The Rainbow - Page 74/493

There were a few moments of stillness. Then gradually, the

tension, the withholding relaxed in him, and he began to flow

towards her. She was beyond him, the unattainable. But he let go

his hold on himself, he relinquished himself, and knew the

subterranean force of his desire to come to her, to be with her,

to mingle with her, losing himself to find her, to find himself

in her. He began to approach her, to draw near.

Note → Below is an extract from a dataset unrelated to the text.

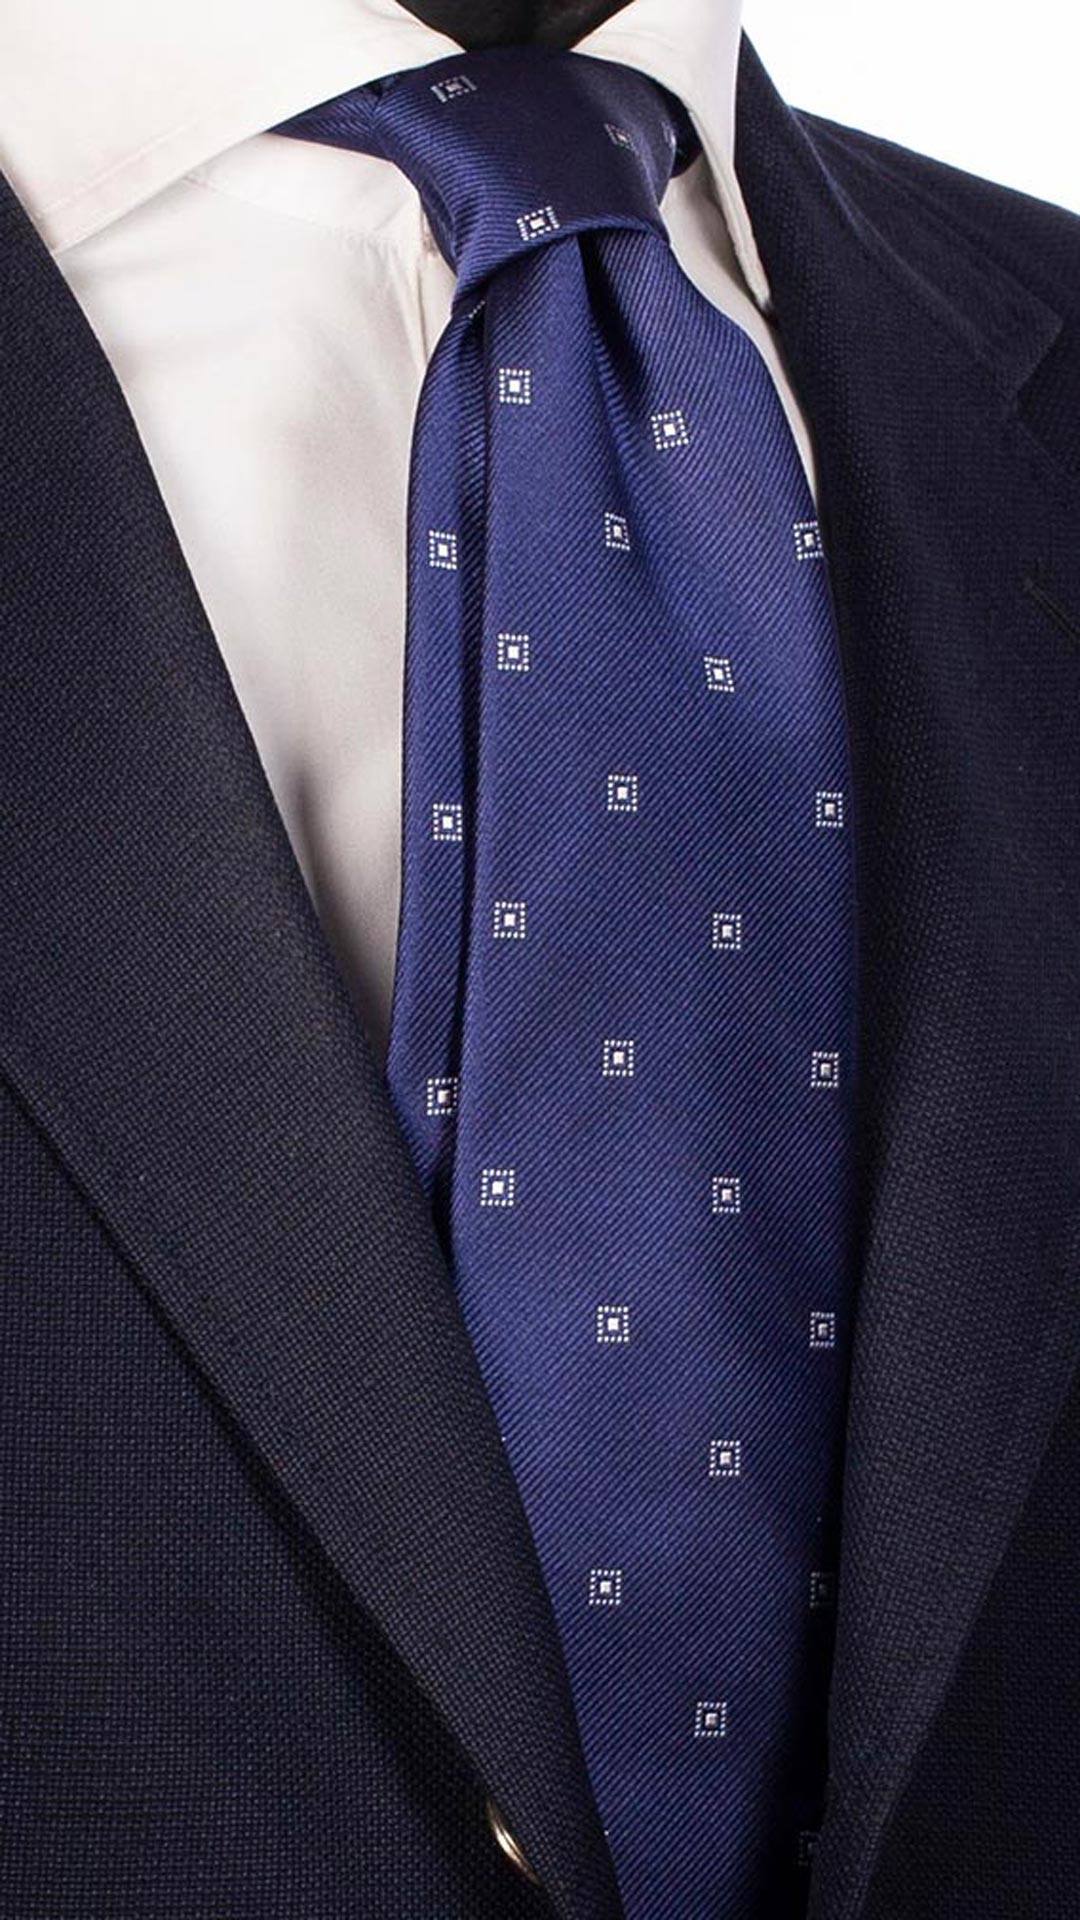 Cravatta da Cerimonia di Seta Blu Navy Fantasia Bianca CY2748 Made in Italy Graffeo Cravatte

His blood beat up in waves of desire. He wanted to come to

her, to meet her. She was there, if he could reach her. The

reality of her who was just beyond him absorbed him. Blind and

destroyed, he pressed forward, nearer, nearer, to receive the

consummation of himself, he received within the darkness which

should swallow him and yield him up to himself. If he could come

really within the blazing kernel of darkness, if really he could

be destroyed, burnt away till he lit with her in one

consummation, that were supreme, supreme.

Their coming together now, after two years of married life,

was much more wonderful to them than it had been before. It was

the entry into another circle of existence, it was the baptism

to another life, it was the complete confirmation. Their feet

trod strange ground of knowledge, their footsteps were lit-up

with discovery. Wherever they walked, it was well, the world

re-echoed round them in discovery. They went gladly and

forgetful. Everything was lost, and everything was found. The

new world was discovered, it remained only to be explored.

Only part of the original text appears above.